▶ Material provided:
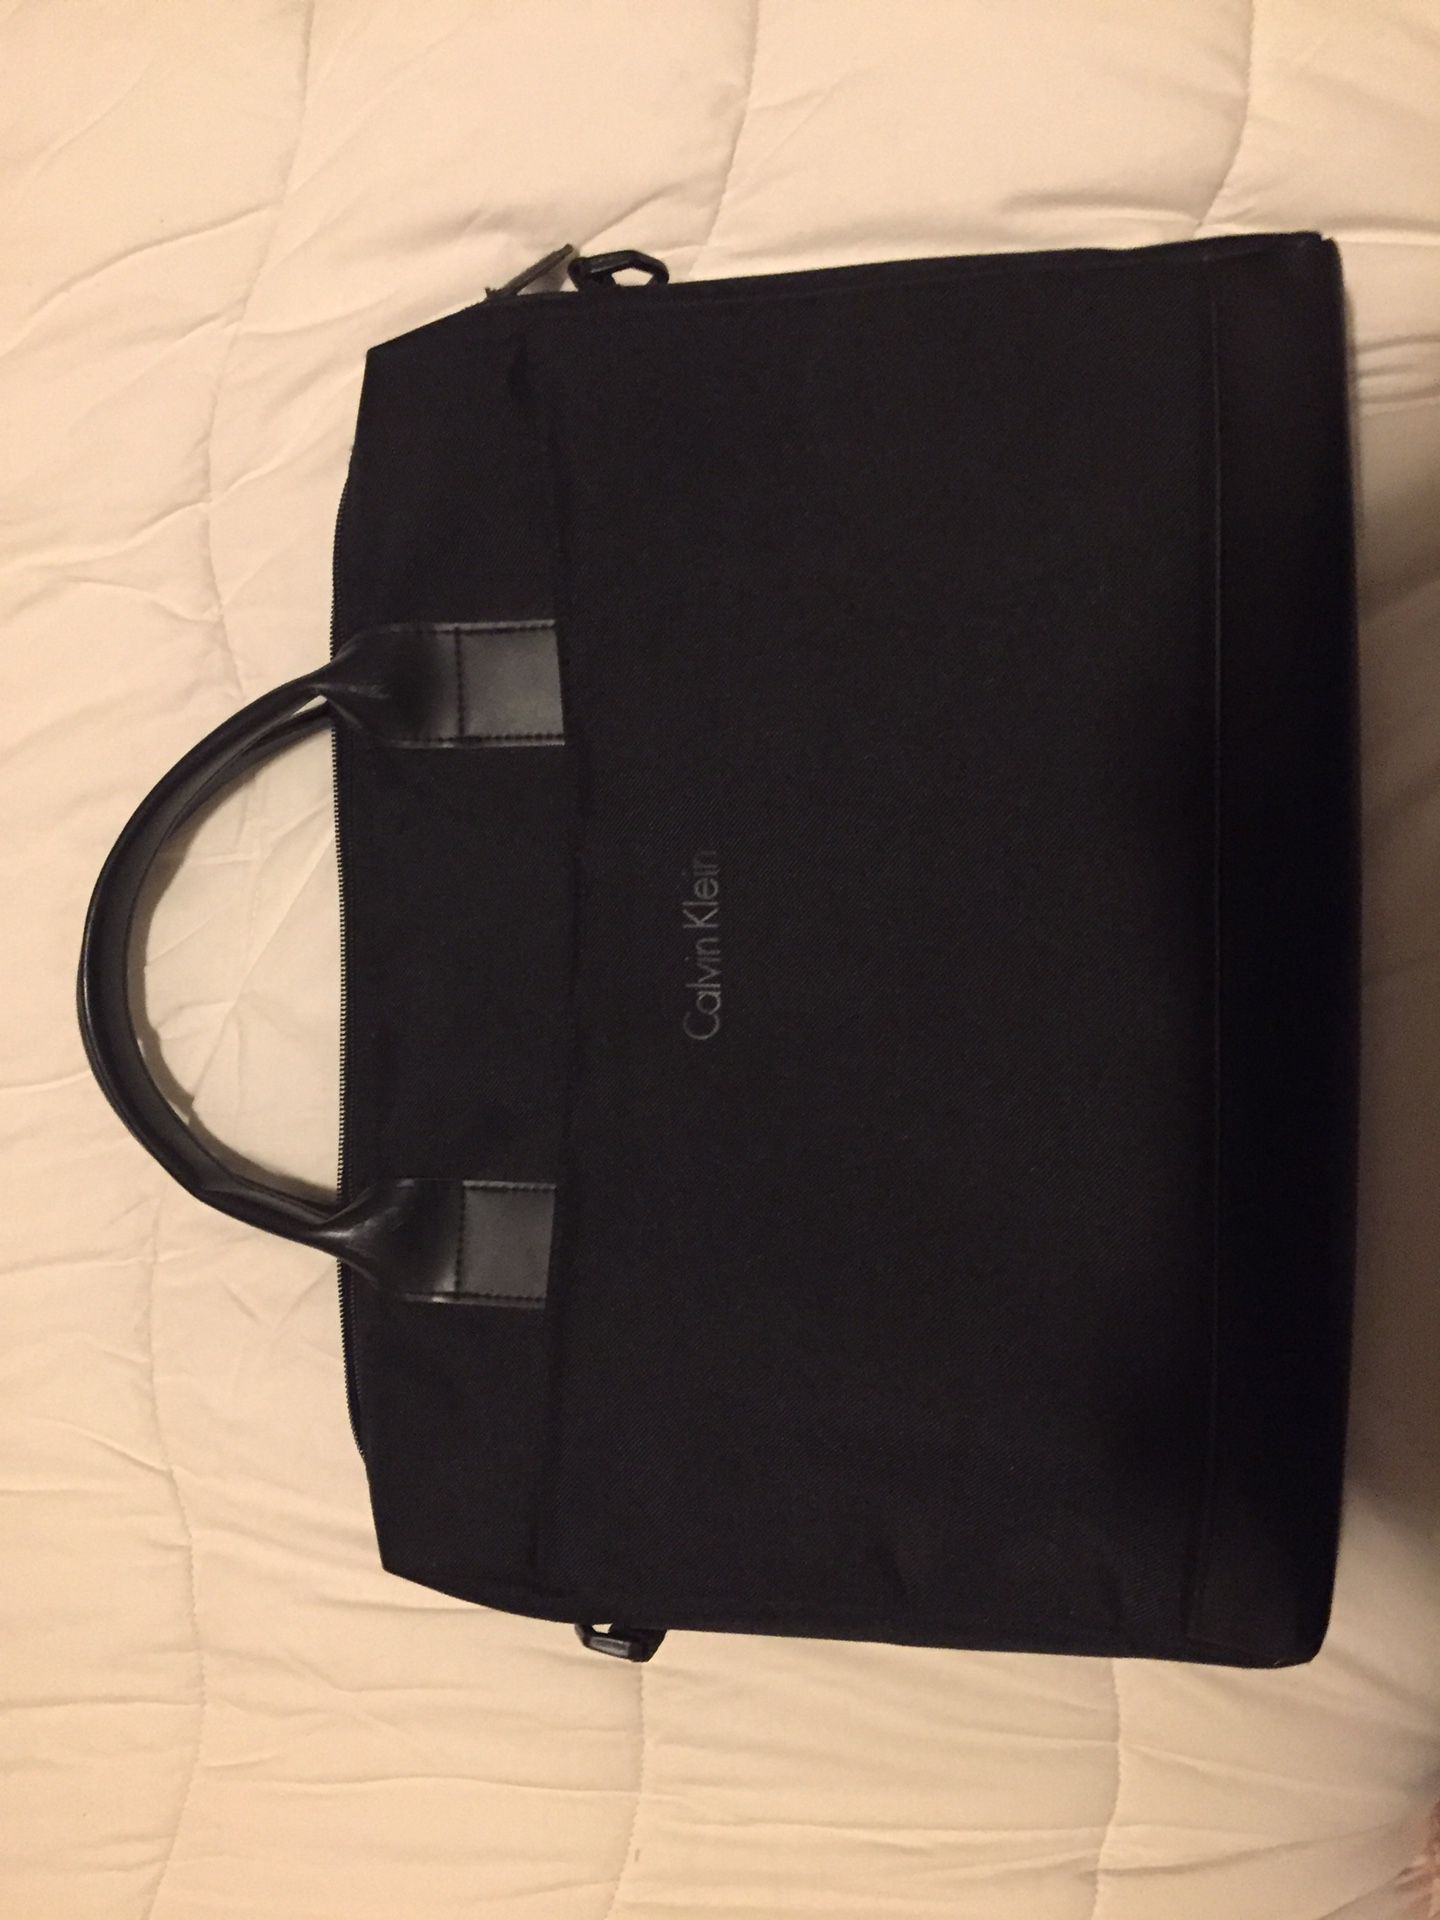 15”x12”x2” leather Calvin Klein laptop bag
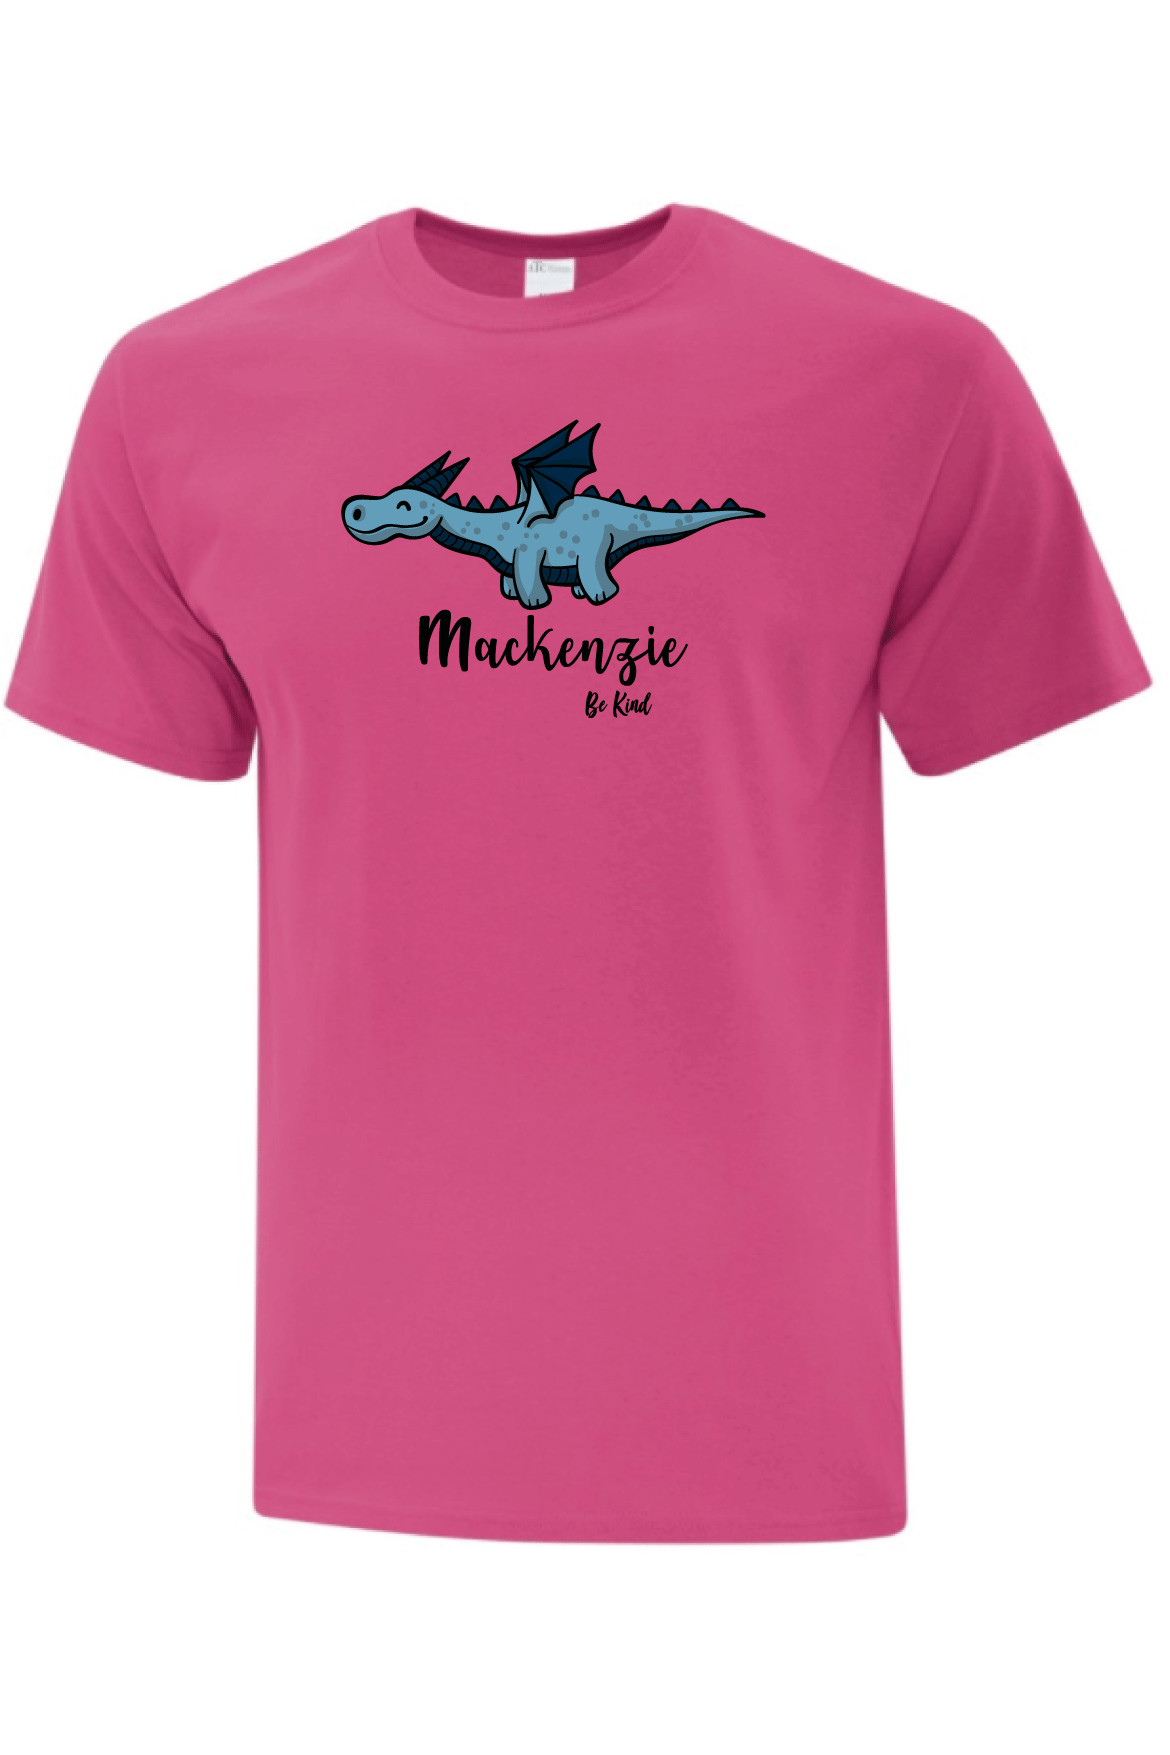 Mackenzie Adult T-Shirt (Be Kind Logo) - Oddball Workshop
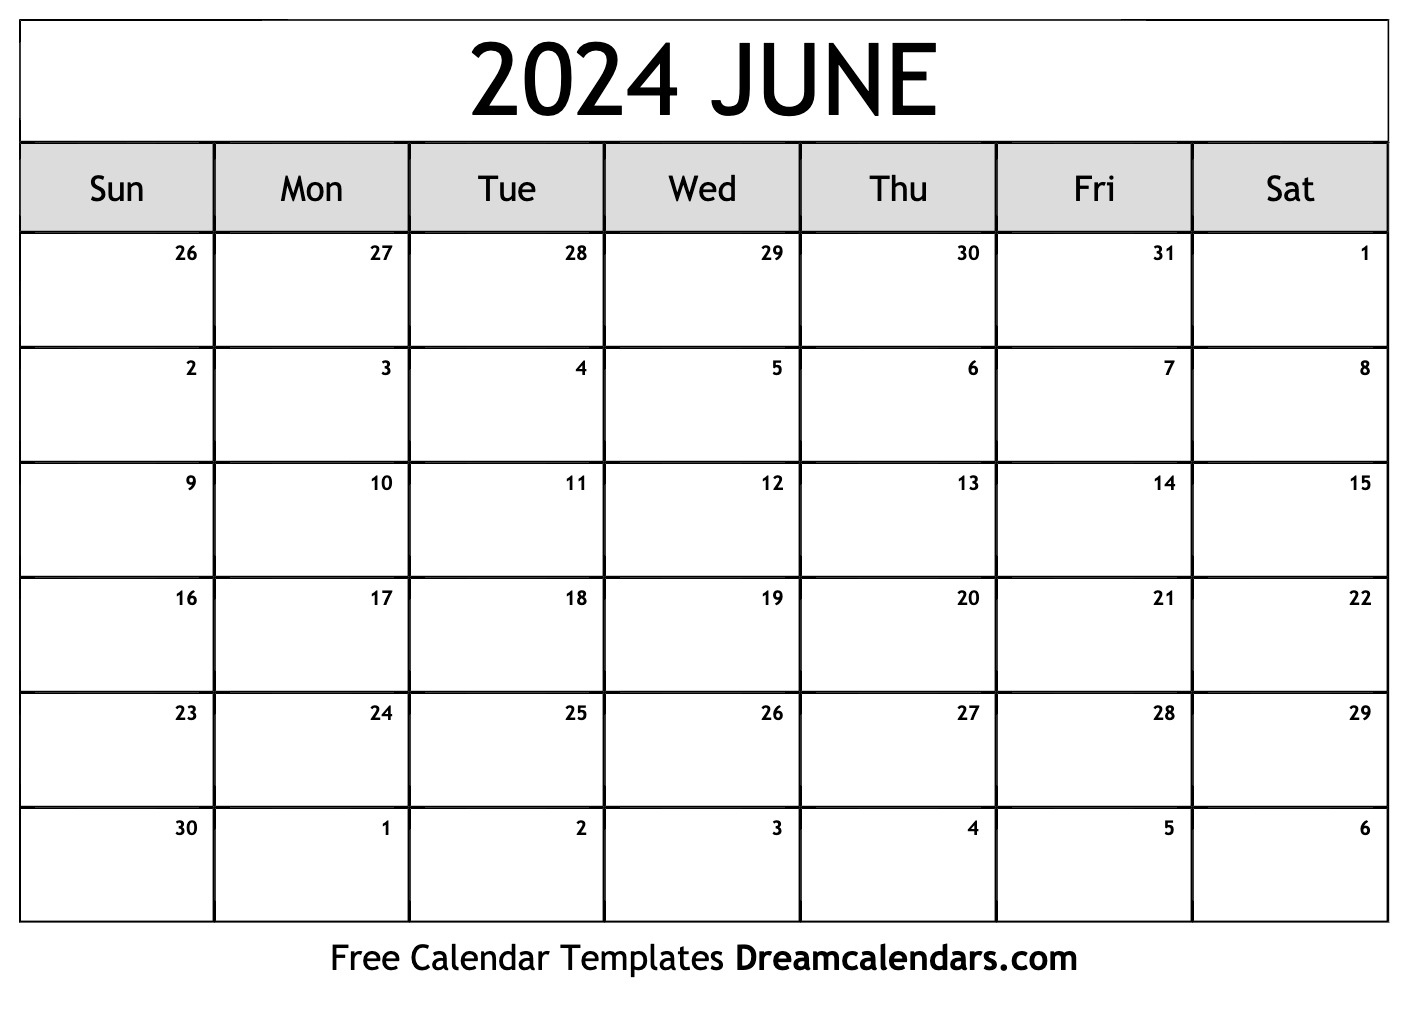 June 2024 Calendar | Free Blank Printable With Holidays | Free Printable Calendar 2024 June

▶ Instructions for the task: If pictures appear in the data, omit them and copy all other parts exactly.

▶ Solution to the problem:
 15”x12”x2” leather Calvin Klein laptop bag
 Mackenzie Adult T-Shirt (Be Kind Logo) - Oddball Workshop
 June 2024 Calendar | Free Blank Printable With Holidays | Free Printable Calendar 2024 June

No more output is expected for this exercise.